Freud’un, bir sedirin üstünde çırılçıplak uyumakta olan şişman bir kadını betimlediği, 1995 tarihli “Benefits Supervisor Sleeping / İşsizlik Ödeneği Denetçisi Uykuda” adlı portresi, 2008’de Christie’s’in düzenlediği bir müzayedede 33.6 milyon dolara alıcı bularak yaşayan bir ressam için dünya rekoru kırmıştı.

Tabloyu Rus milyarder Roman Abramoviç’in satın aldığı ileri sürülmüştü. Daha önce, Freud’un 1992 tarihli “IB ve Kocası” adlı tablosu da 19.3 milyon dolara satılmıştı.
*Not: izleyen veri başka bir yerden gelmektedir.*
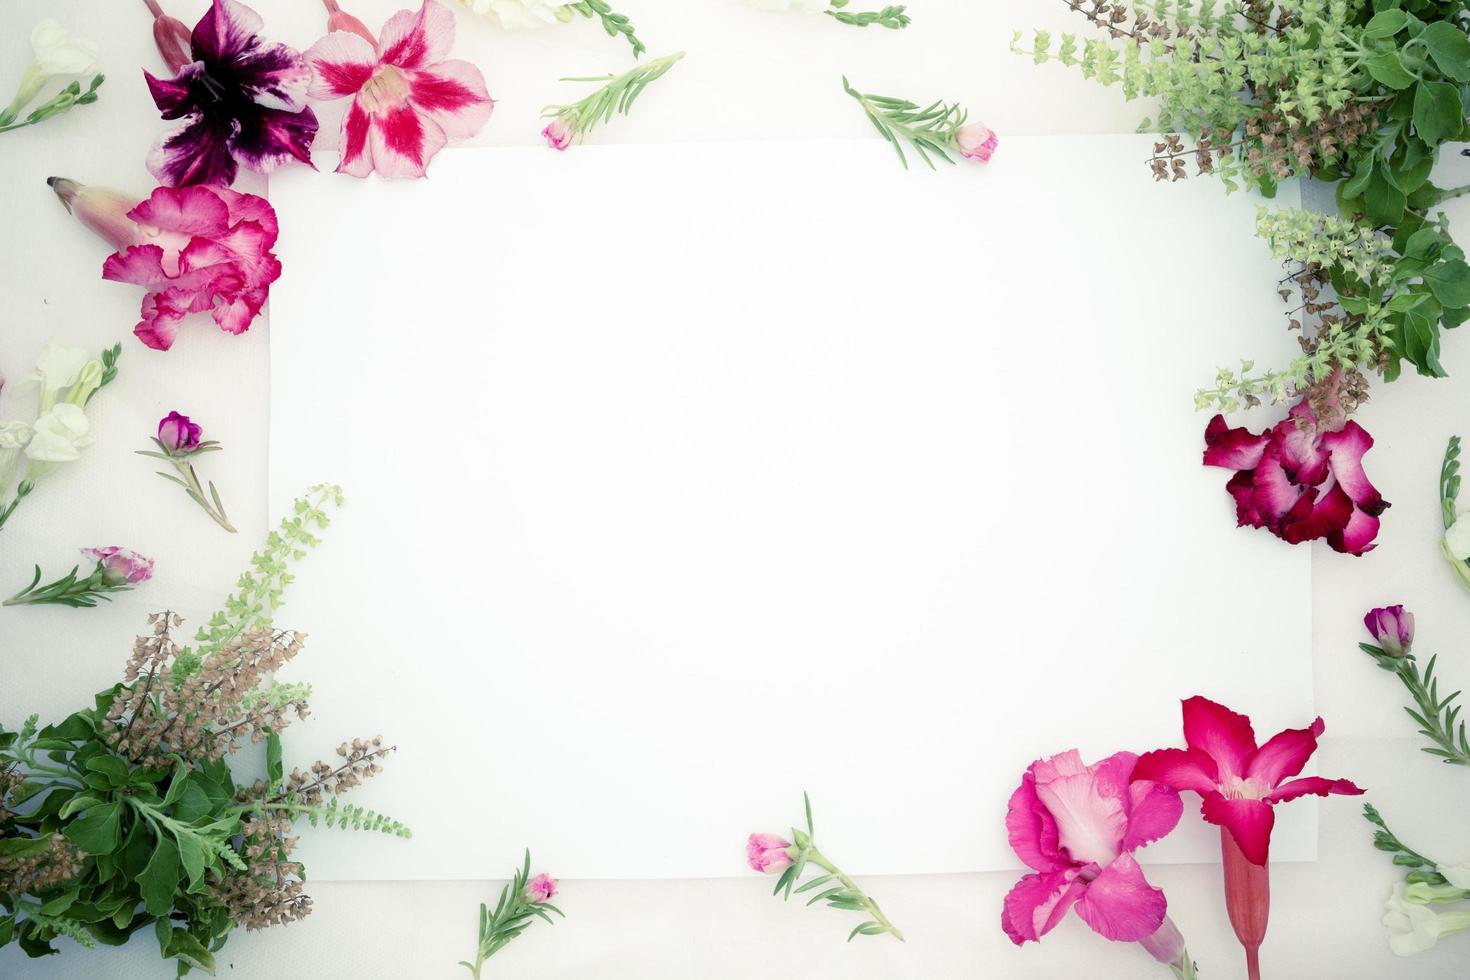 rosa azalea blommor, vita asystasia gangetica blommor, grön basilika och blankt pappersark på en rosa bakgrund. vårkant rosa och vit blomma, ovanifrån, svart papper för text, platt lay. foto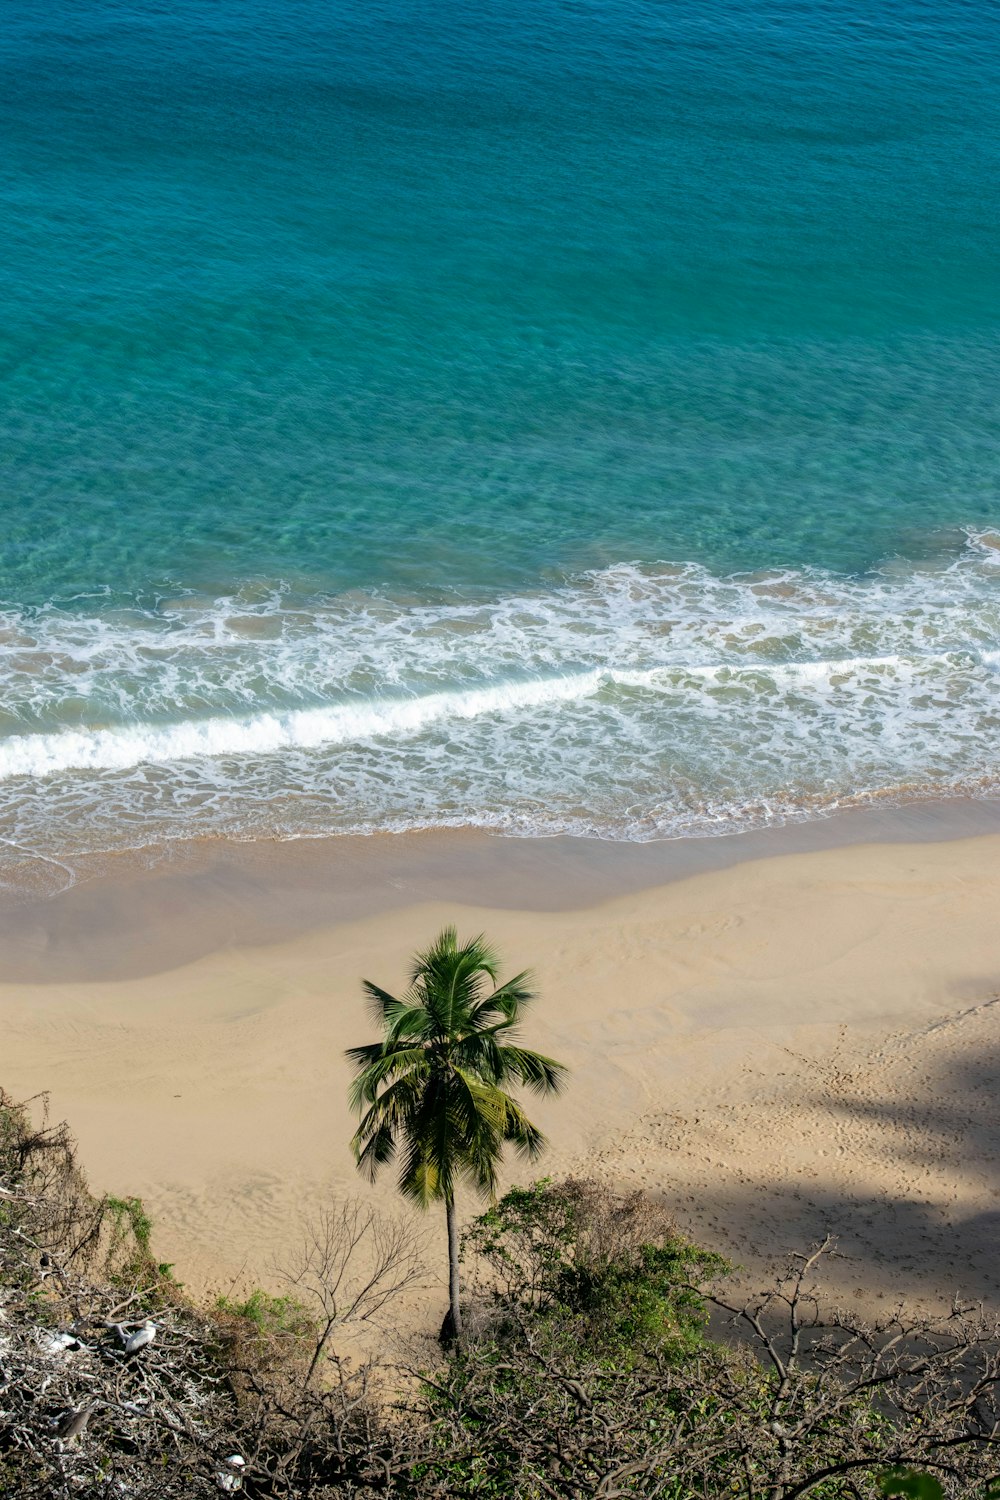 a lone palm tree on a beach near the ocean

Sanat eleştirmeni Robert Hughes’un “yaşayan en büyük gerçekçi ressam” olarak tanımladığı Freud, sanat dünyasının moda akımlarına yakınlık duymamış, eleştirmen ve koleksiyoncuların gözünden düştüğü dönemde bile gerçekçi yaklaşımından ödün vermemişti. Pek çok eleştirmen tarafından “itici” bulunmasına karşın, inatla kendi özgün üslubunu geliştiren Freud, en sonunda çağın en büyük ressamlarından biri olarak kabul edilmeyi başarmıştı.

1922’de Berlin’de dünyaya gelen Lucian Freud, 1933’te Nazi Almanyası’ndan kaçan ailesiyle birlikte İngiltere’ye gittiğinde henüz 10 yaşındaydı. Bir sanat okulunda öğrenim gördükten sonra, 17 yaşında yaptığı bir otoportre Horizon dergisinde yayımlanmış, 1944’te 21 yaşındayken açtığı ilk kişisel sergisiyle “parlak bir yetenek” olarak nitelenmişti.

Ressam Francis Bacon’ın hayranı olan ve onun çarpıcı bir portresini yapan Freud, özellikle “tedirgin edici” portreleriyle ün yapmıştı. Onun gözüpek portrelerine bakan izleyicilerin kendilerini bir “dikizci” gibi hissettikleri söyleniyordu.

İki kez evlenen Freud’un ilk karısı, ünlü heykeltıraş Jacob Epstein’ın kızı Kitty idi ve Freud onu başyapıtlarından sayılan “Beyaz Köpekli Kız” adlı tablosunda resmetmişti.

Pek çok kadını baştan çıkarmasıyla ve iflah olmaz bir kumarbaz olmasıyla da tanınan Freud’un hiçbir zaman açıklamadığı çok sayıda çocuğu olduğu da söyleniyordu.

50 yıllık sanat yaşamının büyük bölümünü Londra’da geçiren Freud, sık sık kentin en tanınmış bar ve lokantalarında Kate Moss gibi genç ve güzel kadınlarla görülüyordu. Freud’un ölümünün hemen ardından, Wolseley restorandaki masasına siyah bir örtü serildi ve onuruna bir mum yakıldı.

Gazete ve dergilere pek az söyleşi veren ve özel yaşamını her zaman gizli tutan Freud, atölyesinde telefon bulundurmuyordu.